■ Data shown ■
++++++
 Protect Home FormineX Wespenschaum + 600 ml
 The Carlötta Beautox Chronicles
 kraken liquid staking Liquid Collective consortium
++++++
■ Work task ■
Go through the material above line by line and copy it exactly.

■ Written response ■
 Protect Home FormineX Wespenschaum + 600 ml
 The Carlötta Beautox Chronicles
 kraken liquid staking Liquid Collective consortium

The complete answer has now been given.